ING Vysya Bank was ranked among top five Most Trusted Brands among private sector banks in India in the Economic Times Brand Equity – Neilsen survey 2011. The bank had also been ranked the "Safest Banker" by the New Indian Express and among "Top 5 Most Trusted Private Sector Banks" by the Economic Times.

On 20 November 2014, in an all-stock amalgamation, ING Vysya Bank decided to merge with Kotak Mahindra Bank, creating the fourth largest private sector bank in India. On 1 April 2015, the Reserve Bank of India approved the merger. On 15 May 2016 the whole merger process was completed.

==History==

===Early years===

see Vysya Bank

===Globalisation through Europe===

In 1995, Vysya Bank entered into a long-term strategic alliance with Belgian bank Bank Bruxelles Lambert (BBL). Following this agreement, the Vysya Bank engaged KPMC Peat Marwick international investment banking joint venture (JV) with MC Securities (London), an investment banking subsidiary of BBL, was formally established.

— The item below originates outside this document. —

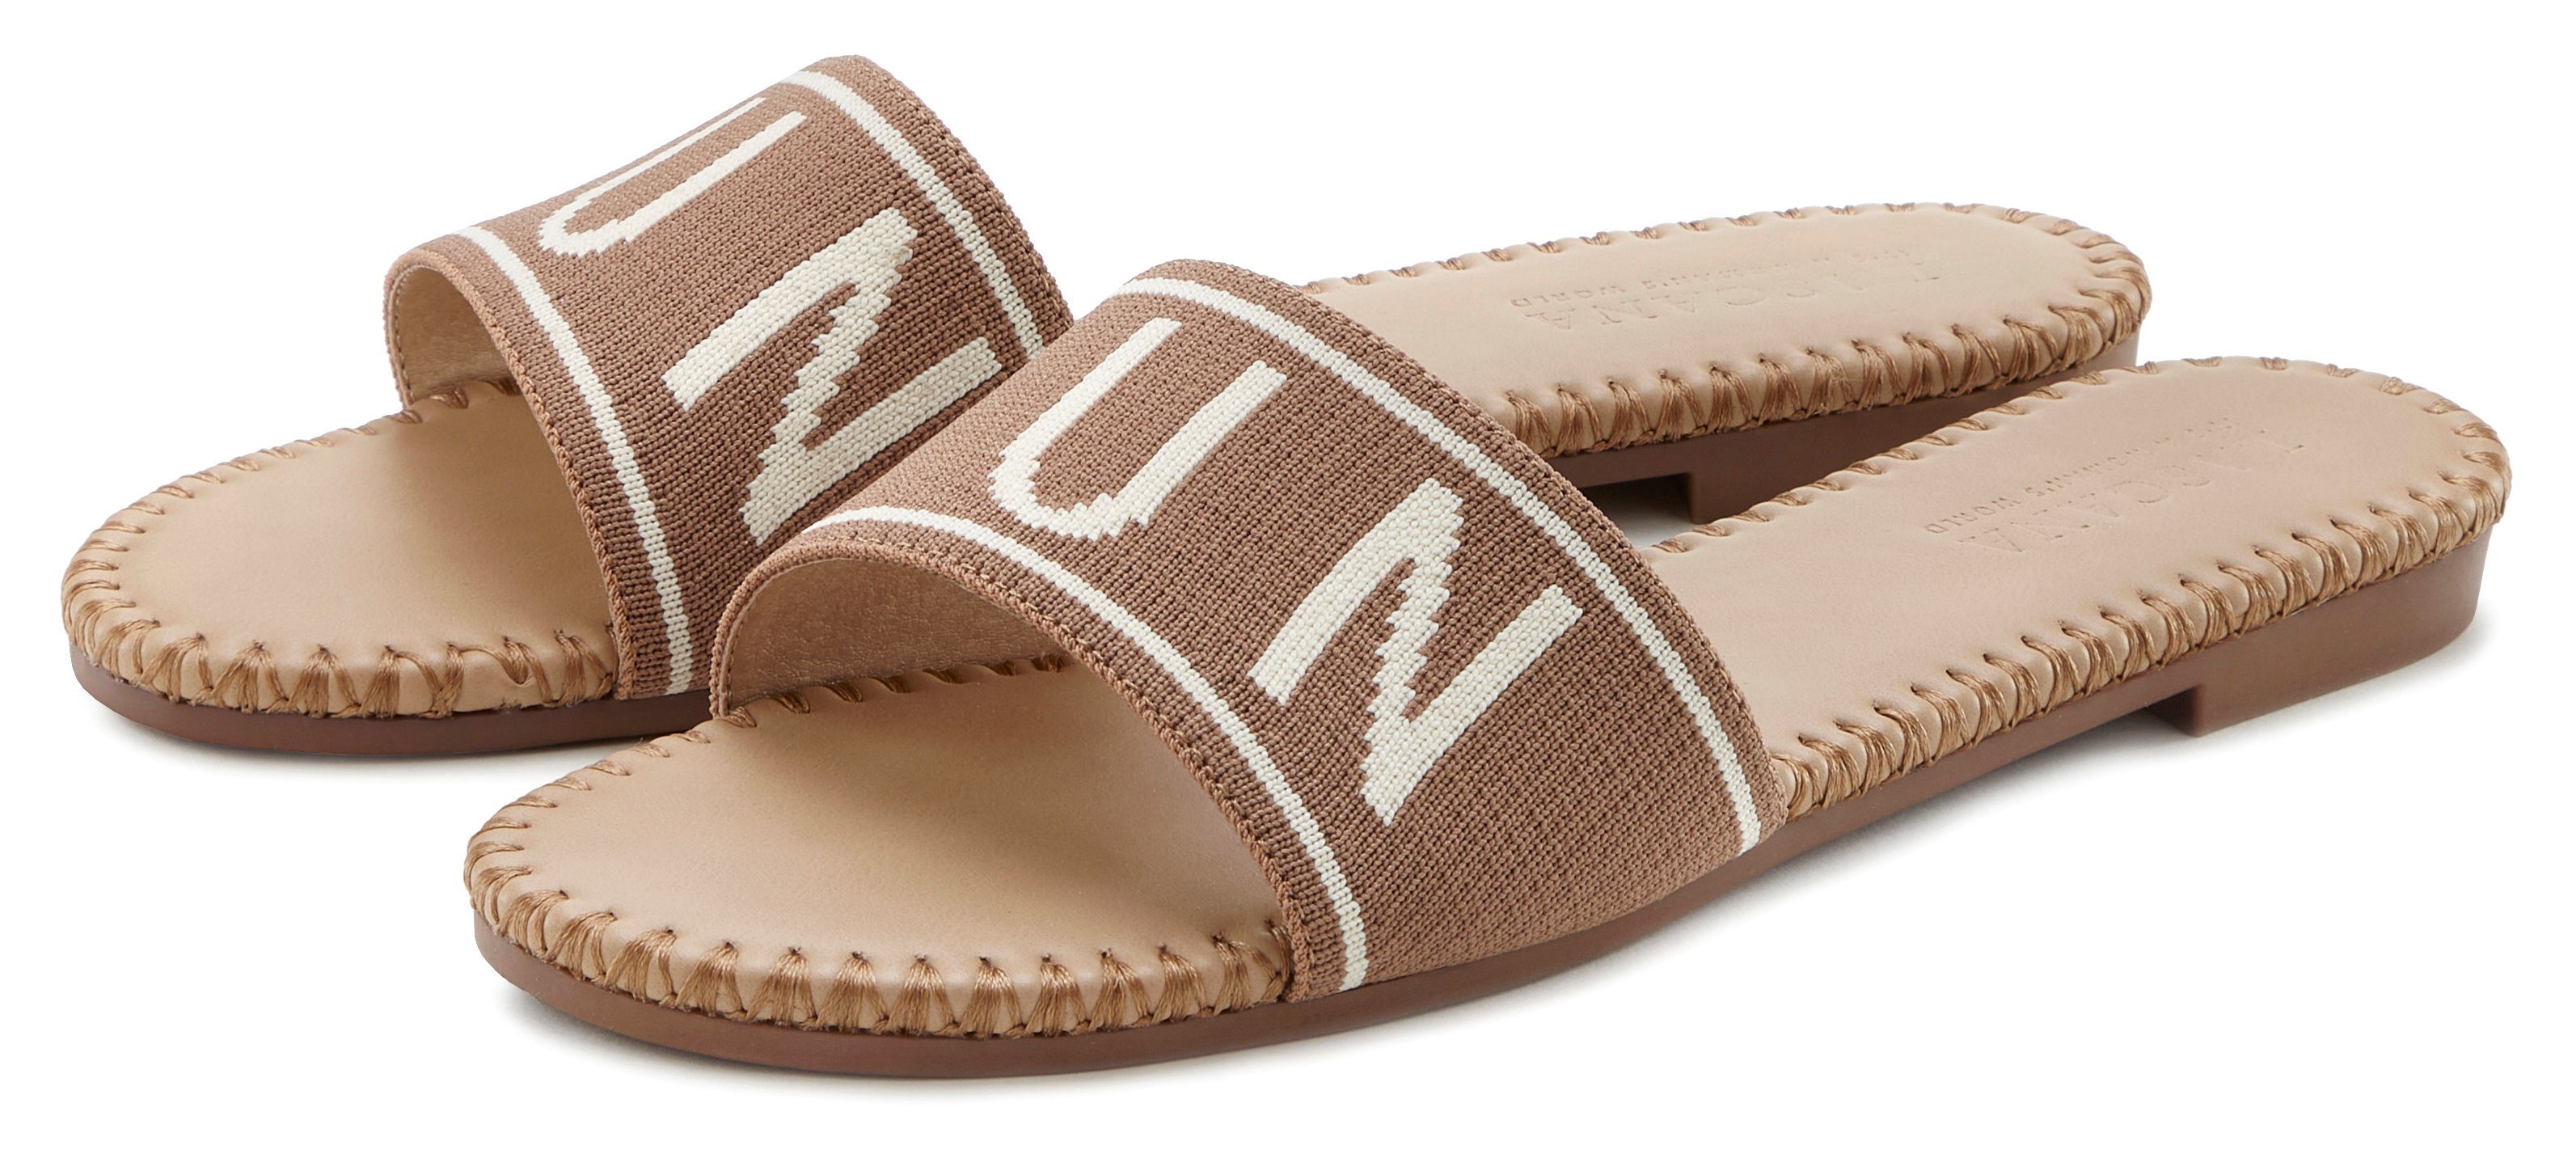 LASCANA Pantolette Mule, Sandale, offener Schuh aus Textil mit modischem Schriftzug VEGAN

In 1998, the ING Group acquired BBL and all its contractual and JV interests in Vysya Bank. In 1999, Vysya Bank joined the ING Group in co-marketing/distribution of life insurance products in India. Vysya Bank also acquired a 26% equity stake in the ING Asset Management Company. In 2000, Vysya Bank, ING Insurance, and the Damani Group formed a life insurance JV; this innovative collaboration marks the first bancassurance venture in India.

===Formal merger with the ING Group===

In 2002, Vysya Bank's board of directors and the RBI approved Vysya Bank's formal merger with the ING Group. Under Indian law, this move allowed ING to increase its total equity holdings in Vysya Bank from 20% to 44%. Peter Alexander Smyth and Jacques PM Kemp were appointed to the board of the newly formed ING Vysya Bank.

ING Vysya Bank then appointed Bart Hellemans as CEO and managing director (MD) and G Mallikarjuna Rao as chairman of the board.

===Post-merger news===

In 2003, Western Union, a leading global money transfer firm, tied up with ING Vysya for inbound money transfer services across India. ING Vysya then launched three new endowment products and an innovative retail savings account called Orange with facilities such as personal accident and free annual accident coverage. Japanese auto manufacturer Toyota then signed an agreement with ING Vysya for auto financing services. ING Vysya then inked a deal with fertilizer producers, Madras Fertiliser Ltd (MFL), to co-market/distribute life insurance products to farmers by employing the fertilizer company's broker-dealer network in the rural sector.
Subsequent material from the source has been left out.